The Devil Is in the Data

And Hansen is not working in isolation. CFO Dan DeCanniere, for one, has charged his team with “owning” the programme’s data. Information flows through finance for quarterly emissions reporting, populating what Hansen calls an “e-room” — a new online, self-service repository of data that allows sophisticated modelling and scenario planning. Finance also “sets the agenda” for a quarterly sustainability conference call, during which business units discuss new initiatives — ranging from a scheme to encourage staff to cycle to work to a policy that requires rail-over-plane travel.

For other companies, Hansen encourages action even if the data isn’t as available as it was at AT Kearney. “It’s overwhelming for most firms, but they don’t need to start globally like we did,” she says. “If you have the data — even at a regional or country level — you can do it.” As for companies that may lose interest in green travel practices amid the economic turmoil, she has a harsher message: “If you don’t have a planet, what’s an economic downturn? The clock is ticking.”

Gabor Taroczy is an intern at CFO Europe.

On Track

The environment won’t be the only beneficiary of business travellers trimming their carbon footprints. Europe’s railways could get a boost as more corporate policies eschew carbon-intensive road and air travel. As the International Union of Railways (UIC) points out, rail travel emits three to ten times less CO2 than road or air travel. But frequent travellers need a lot of convincing before they give up on amassing airmiles or cruising in a comfortable company car.

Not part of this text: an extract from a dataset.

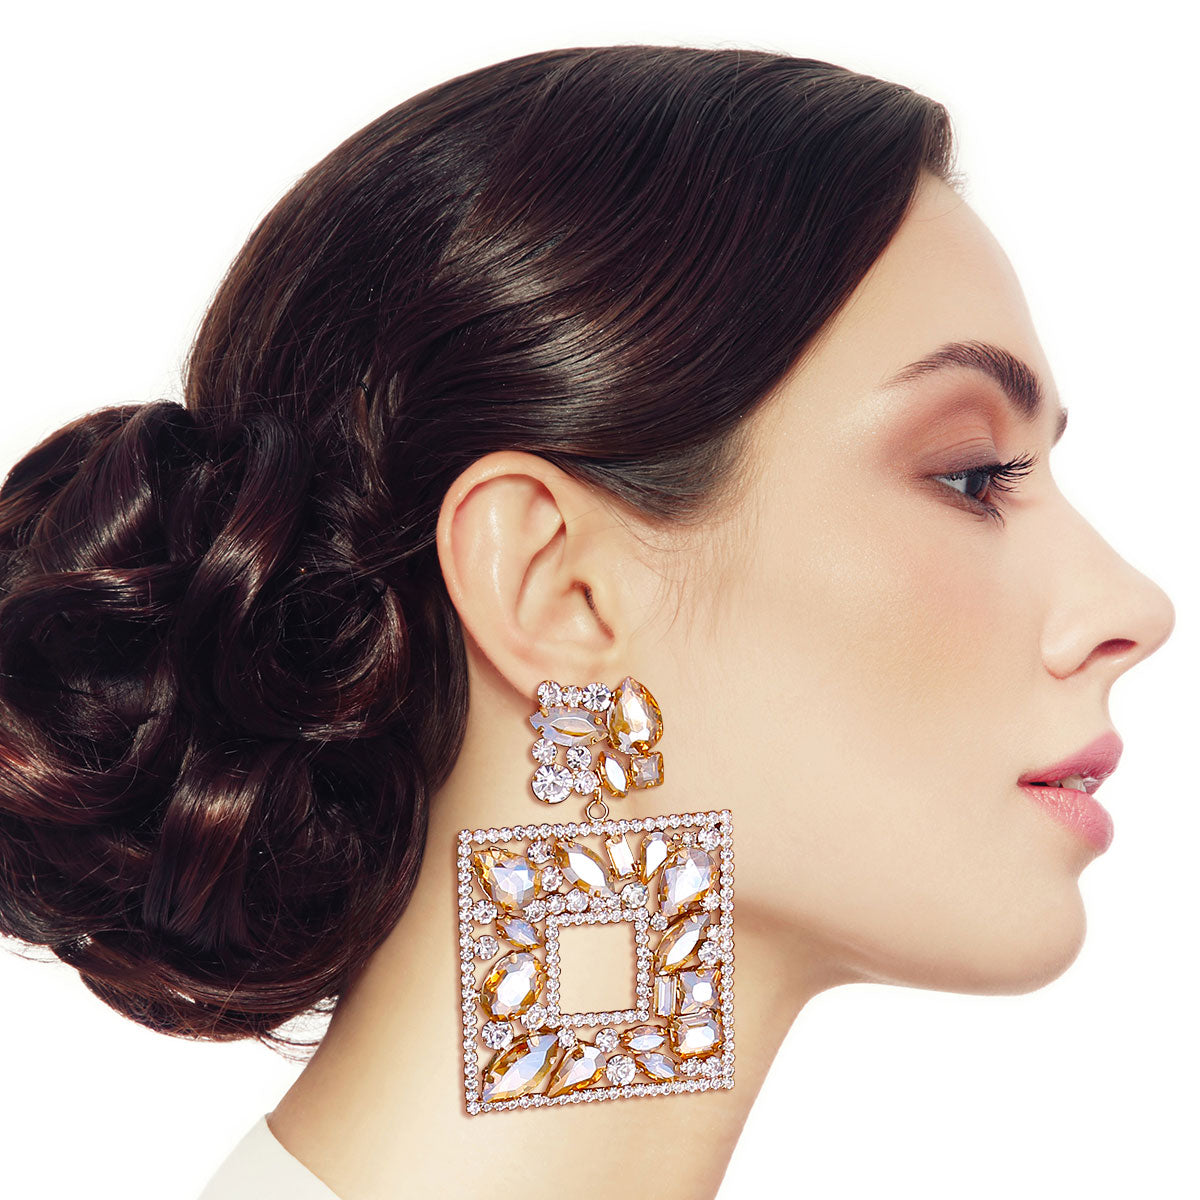 Elegant Topaz Crystal Square Earrings

To make the trade-offs clear, in June the Paris-based UIC unveiled EcoPassenger.com, an online tool for travellers to assess various modes of transport. Unlike other “calculators,” of which there are many, EcoPassenger “tells the whole story [of a journey], looking at the whole chain of energy consumption, not just the travel from point A to point B,” says Margarethe Sagevik, a senior adviser at the UIC. Also included is the energy used to produce the electricity or fuel for the plane, train or car and the journey to the airport or railway station. The tool also provides timetables and maps to identify the most direct routes.

Taking several years to develop, the UIC called on assistance from a range of supporters, including the German Institute for Environment and Energy, to get the “hard-core values of consumption” down to, for example, the different types of trains used on a journey. “We only wanted to make the best tool possible. Otherwise there would be no point,” says Sagevik. “Having worked in the environmental department [of the UIC] for the past six years, I’m seeing how the agenda is changing and now we have to deliver.”

But Sagevik insists that the EcoPassenger tool isn’t intended solely to promote Europe’s railways. “We just want to teach people that they have a choice,” she says.